This article mainly introduces the usage of the urllib module in python, and analyzes in detail the curl operation method of replacing PHP with the urllib module in python in the form of an instance, which has good reference value, for more information about the urllib module usage in python, see the following example. Share it with you for your reference. The specific analysis is as follows:
I. problems:
Recently, the company's project needs to regularly obtain data based on the api provided by the customer. the previous solution was to use php to collect tasks and store them in the redis queue, then run a php file in a resident process in linux. the php file has an infinite loop, and the redis queue is judged to be executed. if there is no PHP file, break is executed.
II. solution:
I just learned python recently. python's urllib module may be faster than php's curl, and it's simple. paste the code
The code is as follows:
# _ * _ Coding: UTF-8 _*_
Import sys
Reload (sys)
Sys. setdefaultencoding ("UTF-8 ")
Import OS
Import json
From urllib import urlopen
Doc = urlopen ("http: // xxxx? Webid = 1 & tid = 901 & cateid = 101 "). read ()
Doc = json. loads (doc)
Print doc
Print doc. keys ()
Print doc ["msg"]
Print doc ['data']
Print doc ['ret ']
The time required for the first access is [Finished in 3.0 s].
The second access time is [Finished in 0.2 s].
It can be seen that the urllib module of python is cached.

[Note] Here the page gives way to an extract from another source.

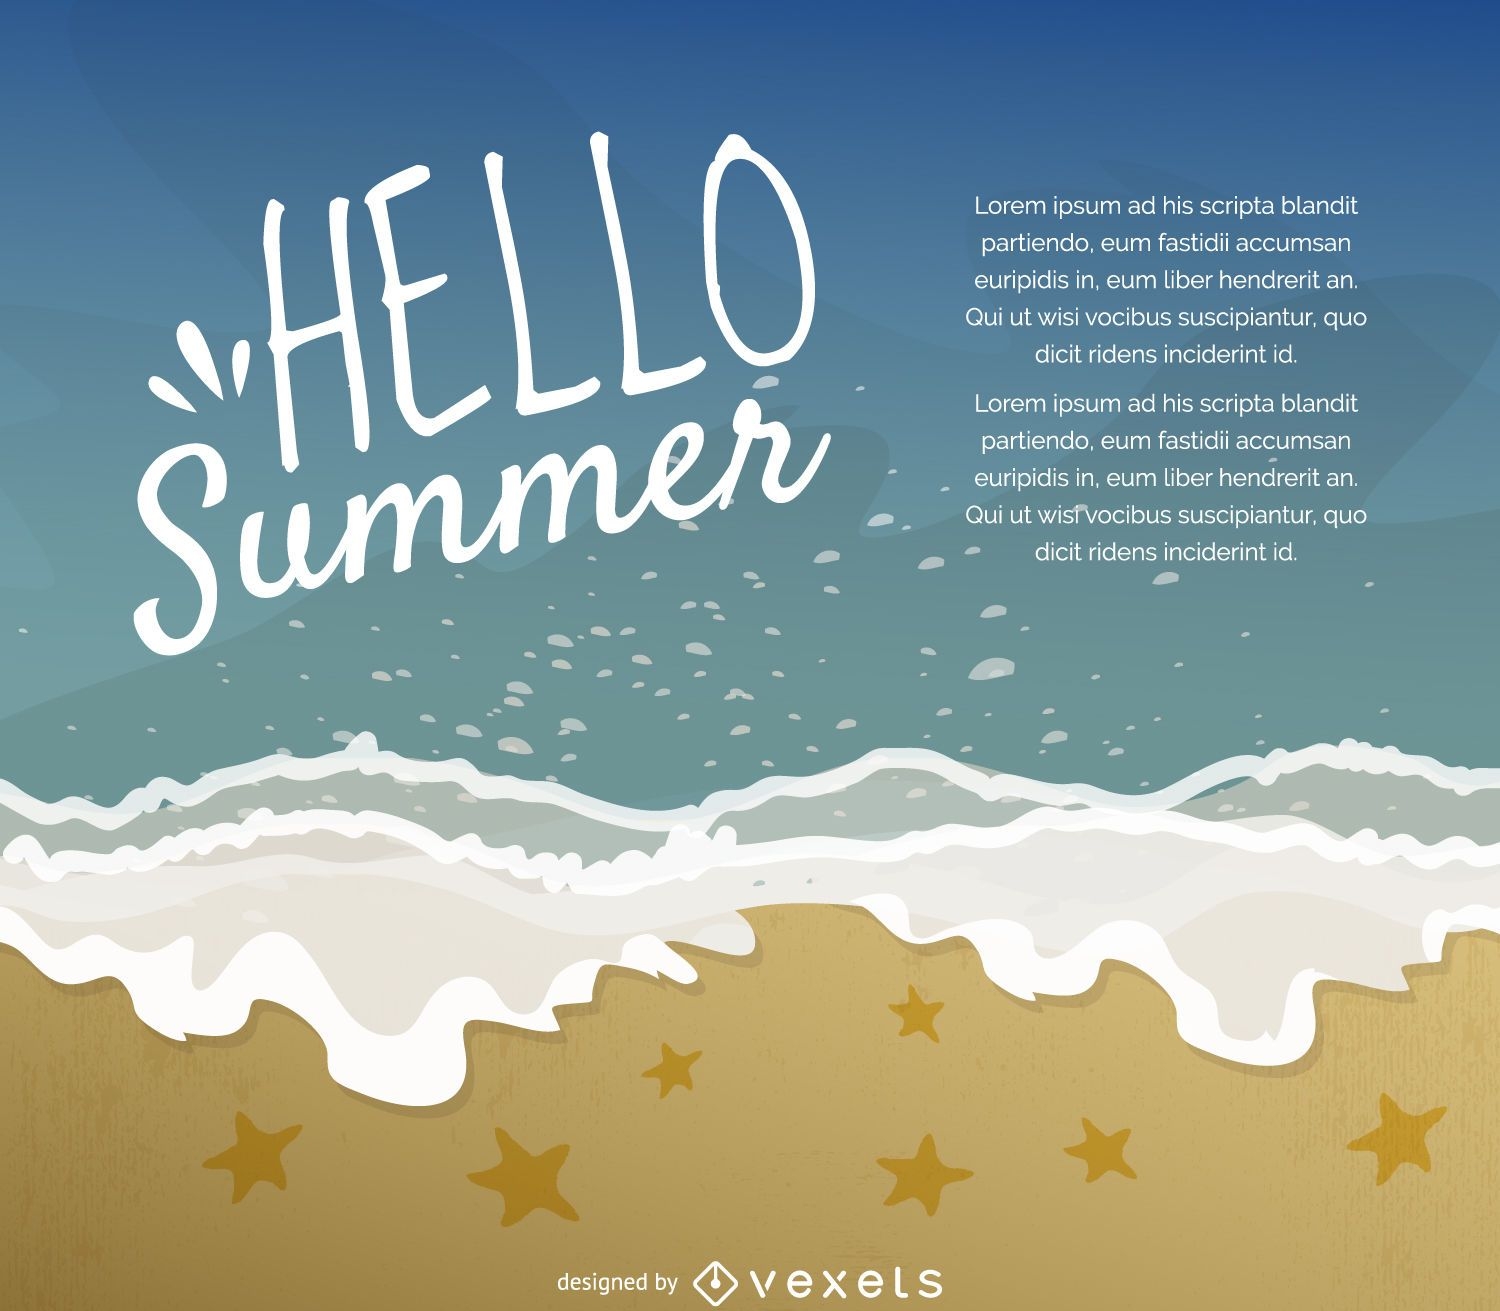 Hello summer illustration poster

A typical example of urllib/2 usage
The code is as follows:
Import urllib2
Import cookielib
Import urllib
Class Hi_login:
Def _ init _ (self ):
Cookie = cookielib. CookieJar ()
Self. cookie = urllib2.HTTPCookieProcessor (cookie) ##### generate cookie ###
Def login (self, user, pwd ):
Url = 'http: // passport.baidu.com /? Login'
Postdata = urllib. urlencode ({
'Mem _ pass': 'on ',
'Password': pwd
'Submit ':'',
'Tpl ': 'sp ',
'TP _ reg ': 'sp ',
'U': 'http: // hi.baidu.com ',
'Username': user })
### Proxy_support = urllib2.ProxyHandler ({"http": "http: // ahad-haam: 3128"}) and then add it to the opener method ####
Opener = urllib2.build _ opener (self. cookie) ### use cookie ###
Headers = {####### dict structure, which can be added to x-forward-for or refer #######
'User-Agent': 'mozilla/5.0 (Windows; U; Windows NT 6.1; en-US; rv: 1.9.1.6) Gecko/20091201 Firefox/3.5.6 '}
Urllib2.install _ opener (opener)
Request = urllib2.Request (url, urllib. urlencode (postdata), headers = headers)
Urllib2.urlopen (request)
If _ name __= = '_ main __':
Pwd = '000000'
User = 'xiafu'
Test = Hi_login ()
Test. login (user, pwd)
If you access a page that requires authentication, such as the nagios monitoring page,
The code is as follows:
Import urllib2
Password_mgr = urllib2.HTTPPasswordMgrWithDefaultRealm ()
Url = "http://202.1.x.y/nagios"
Password_mgr.add_password (None, url, user = 'abc', passwd = 'xxxxxx ')
Handler = urllib2.HTTPBasicAuthHandler (password_mgr)
Opener = urllib2.build _ opener (handler)
Urllib2.install _ opener (opener)
F = urllib2.urlopen (url)
Print f. code
The error 200 is returned.
I hope this article will help you with Python programming.